The government today is only following what’s being decided by the IMF which is not in the interests of a majority of the people, but only that of the big banks and multinationals. Ordinary people are becoming more and more alienated from the government and traditional parties. This even led to a warning issued by the investment bank Credit Suisse First Boston: "Given the dramatically negative picture that emerged from the most recent opinion polls, it seems likely that the post-election make-up of parliament will be a mess that will rule out tidy market-friendly coalitions and fiscal prudence."
That is probably why the capitalists are now counting on the new party of former minister Isma•l Cem. This party is promoted as an alternative for the DSP, as it is clear that Cem’s party is pro-European Union (EU), pro-IMF, pro-privatisations, etc. It was these capitalist policies, imposed by ministers like Cem, that led to the present crisis.

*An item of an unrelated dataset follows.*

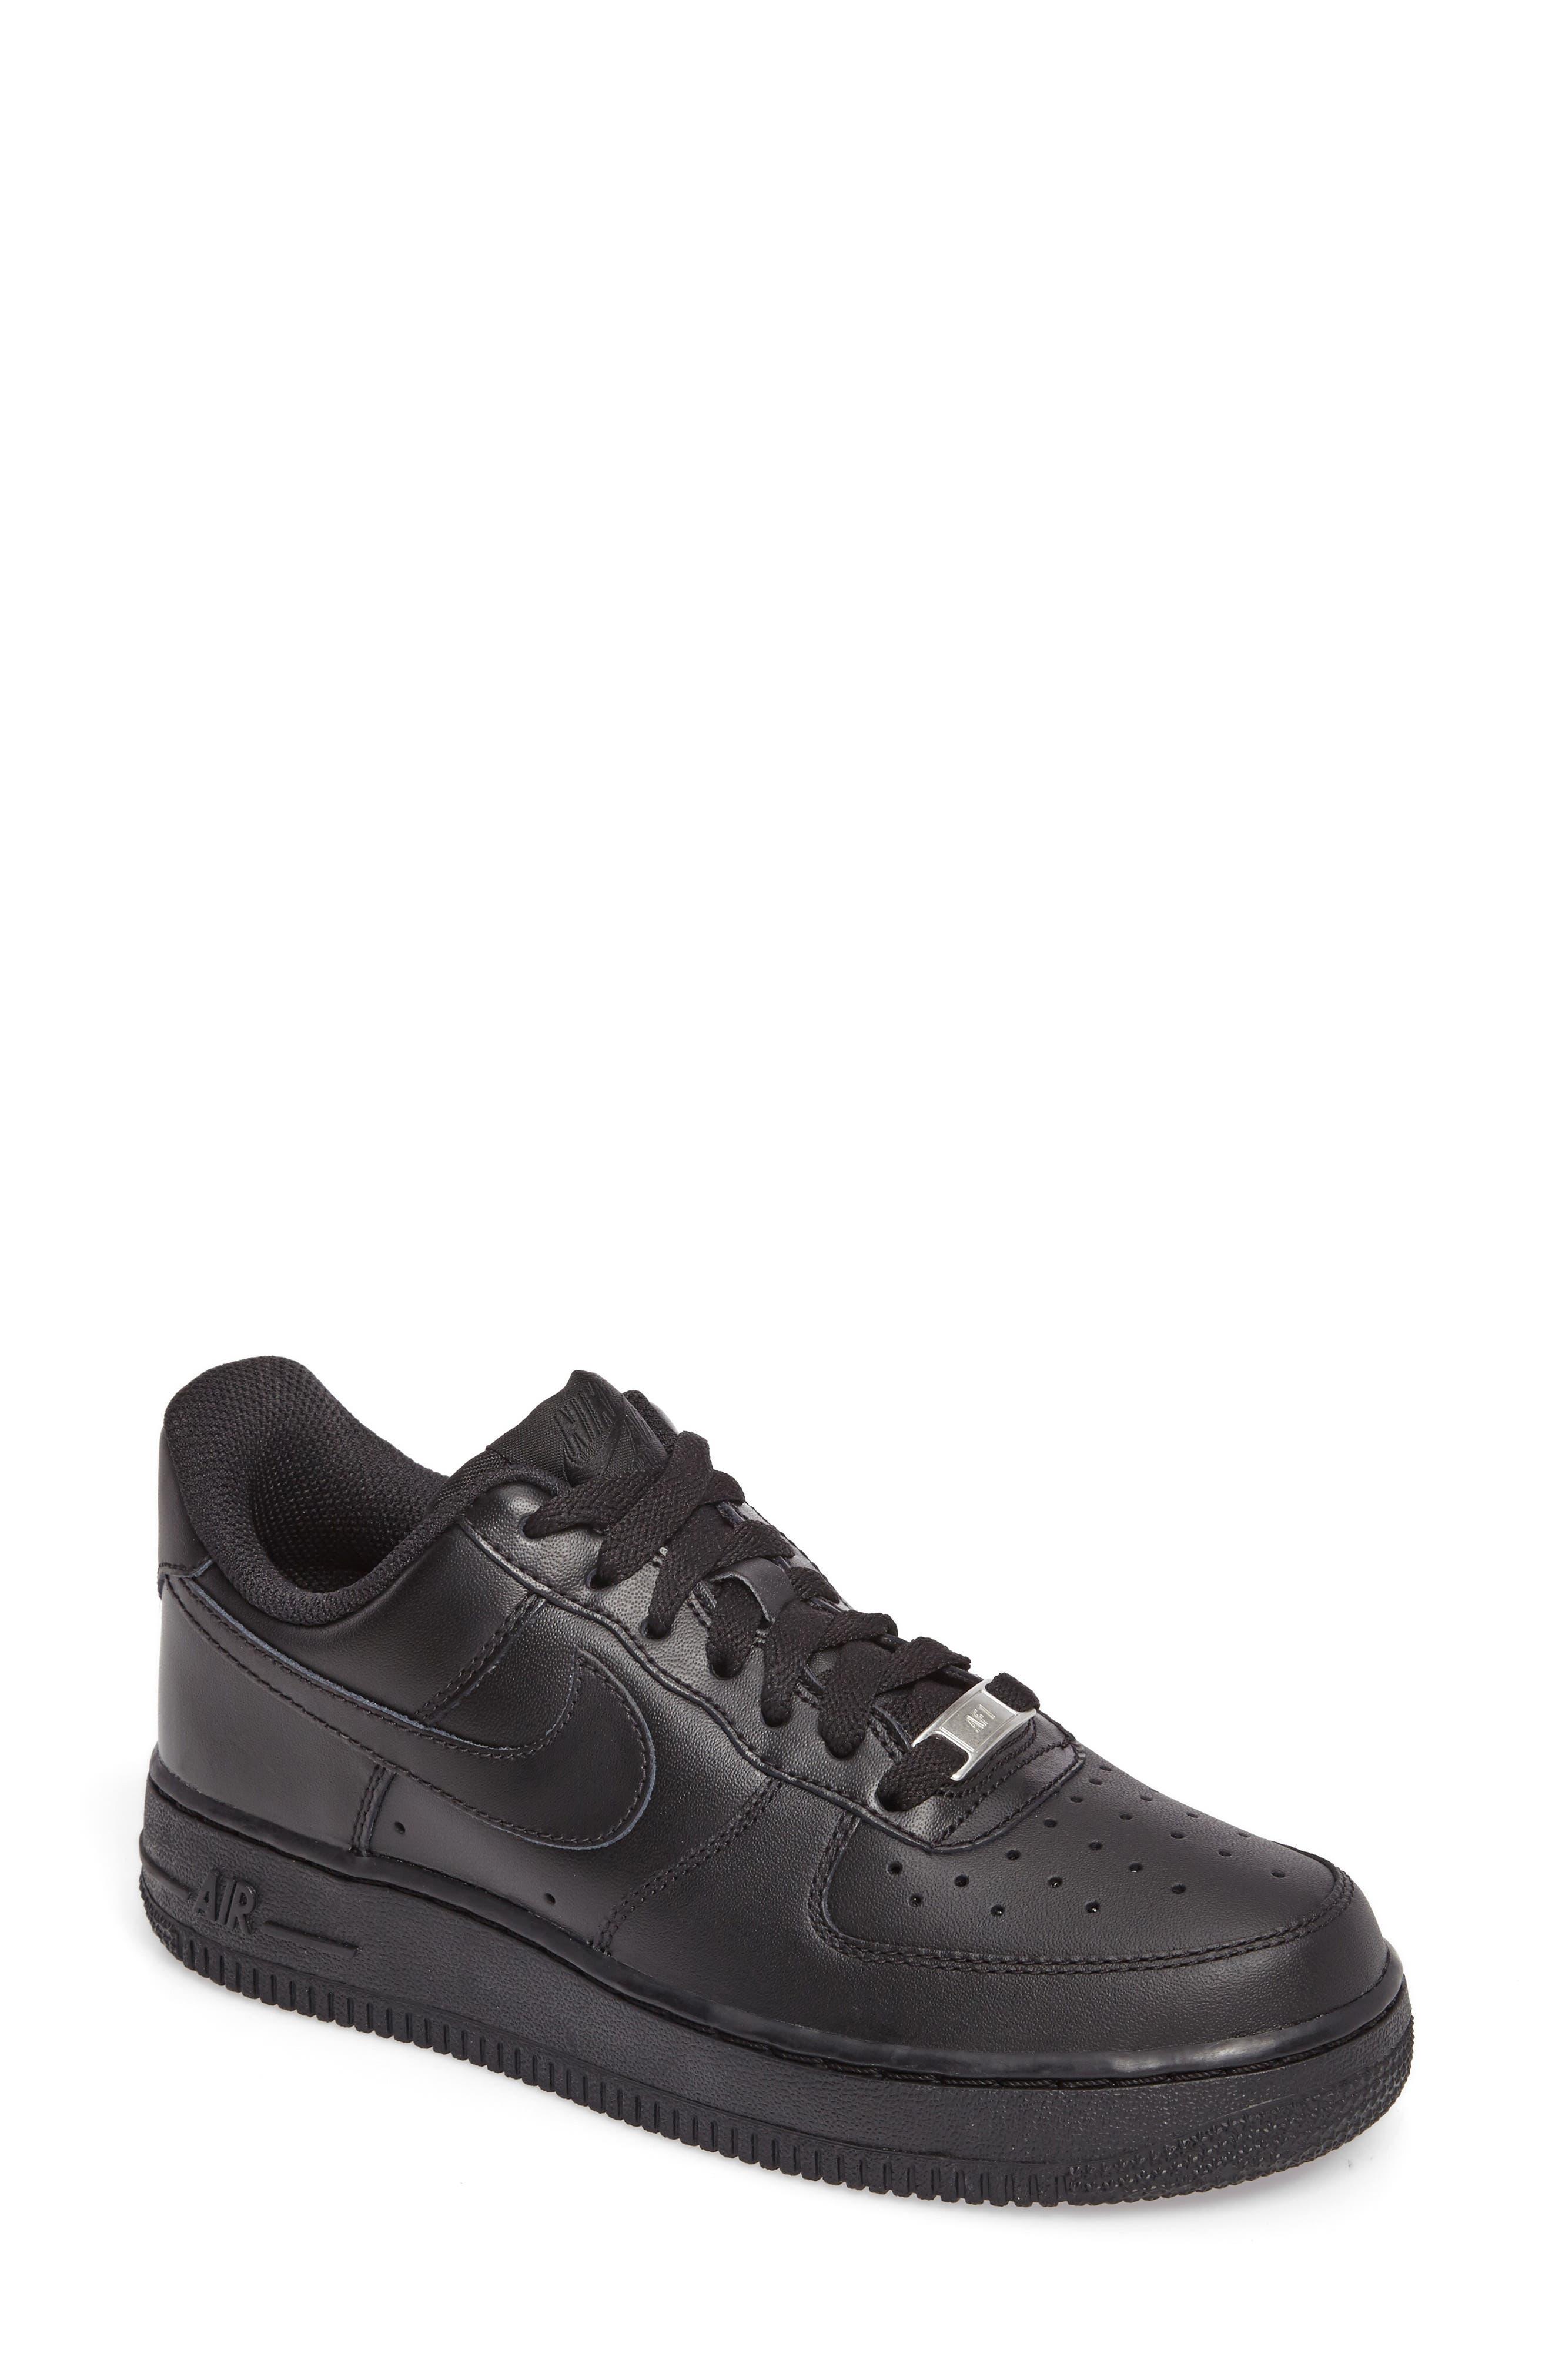 NIKE, 'Air Force 1' Basketball Sneaker, Main thumbnail 1, color, BLACK/ BLACK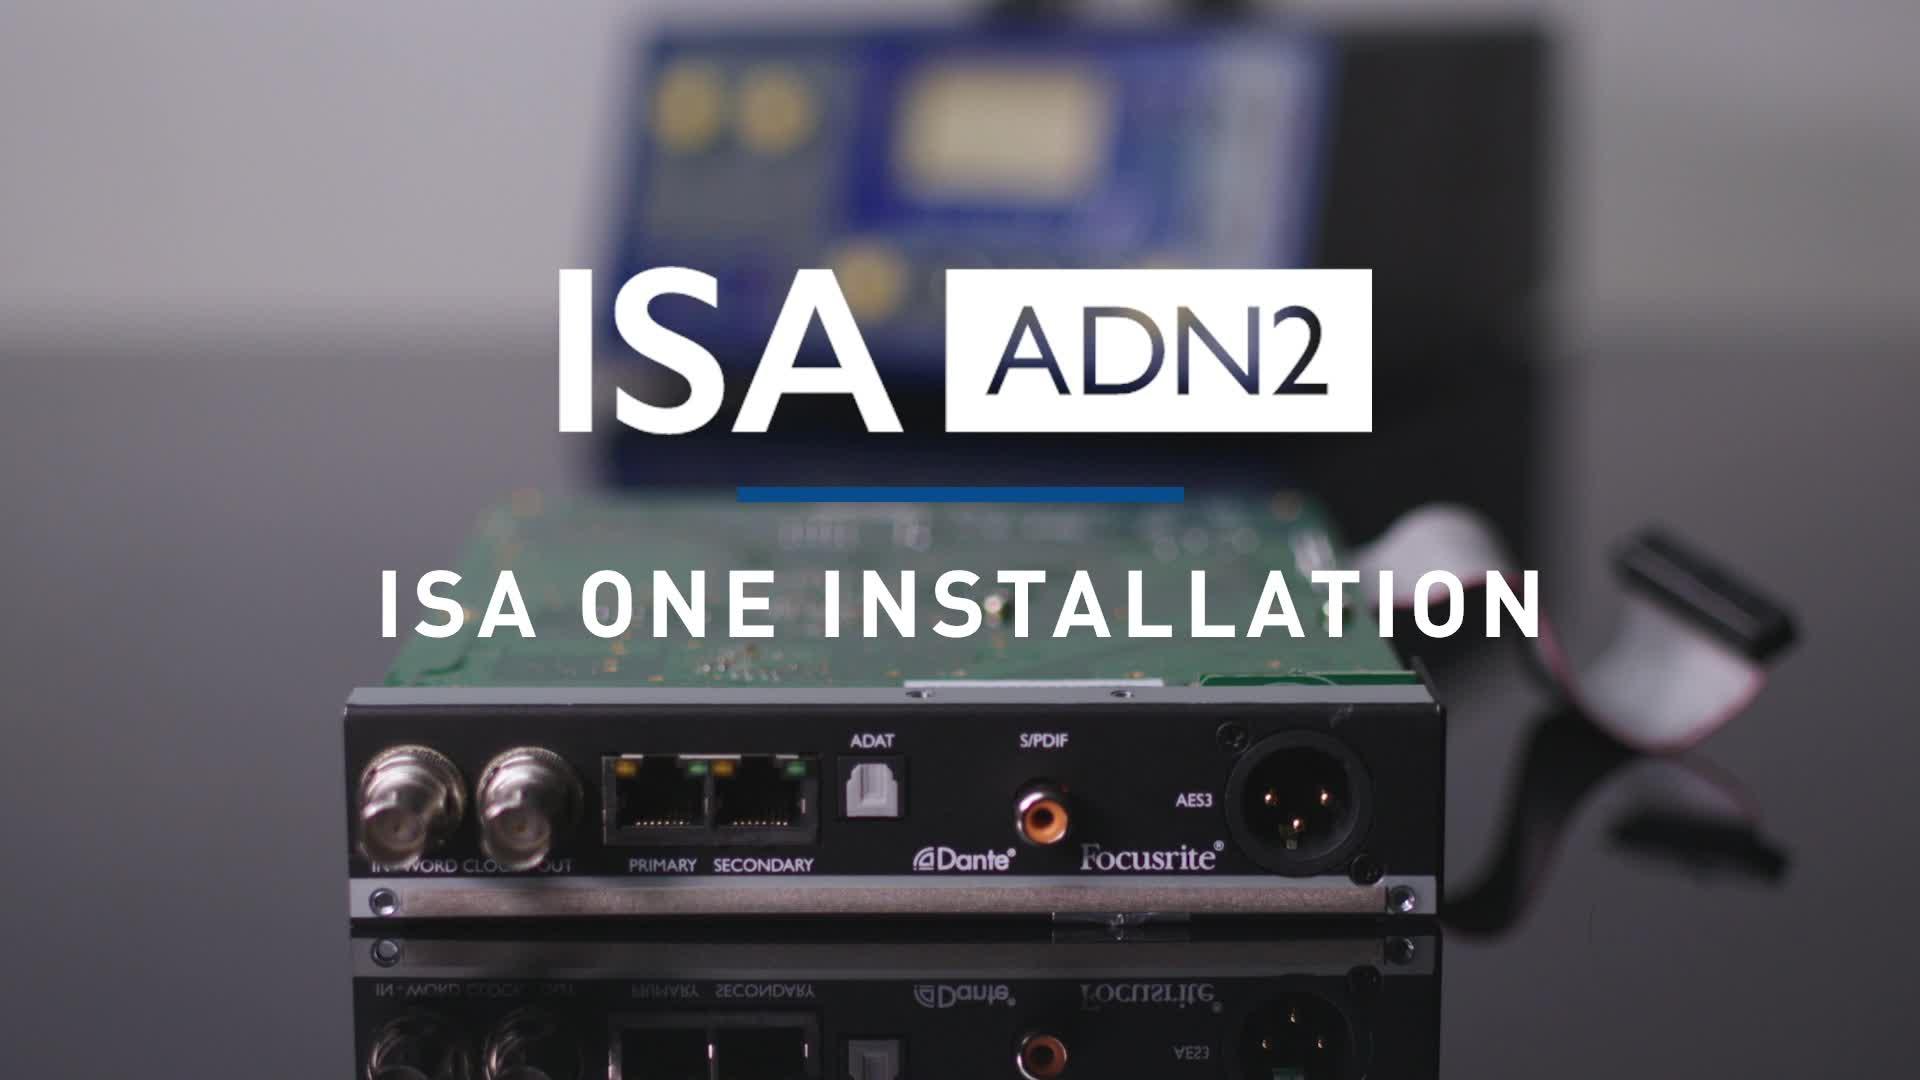 Focusrite - ISA ONE ADN2 Card Installation

Turkey has always been a key ally for US-imperialism but an unstable situation in Turkey makes a military intervention in Iraq more difficult.
The recent developments in Turkey clearly show the bankruptcy of the capitalist parties. The far-right MHP tries to present itself as different by opposing the EU. This could bring this party temporarily in a stronger position, with its strong position mainly caused by the weakness of the other parties. The racist MHP however has no solutions for the working class.
The working class will have to play a central role in fighting the bankrupt capitalist system in Turkey. They cannot trust the established politicians but will have to build their own political voice in the form of a new mass workers’ party, which could be formed through the fights against the consequences of the economic crisis. Such a party wouldn’t accept the orders of the IMF but would organise a planned economy in the interest of a majority of the people.
As Turkish history has shown, building a genuine mass workers’ party able to take power is not an abstract issue but a necessity to avoid situations like the bloody military regime following the defeats after the workers’ movements in the 1970s.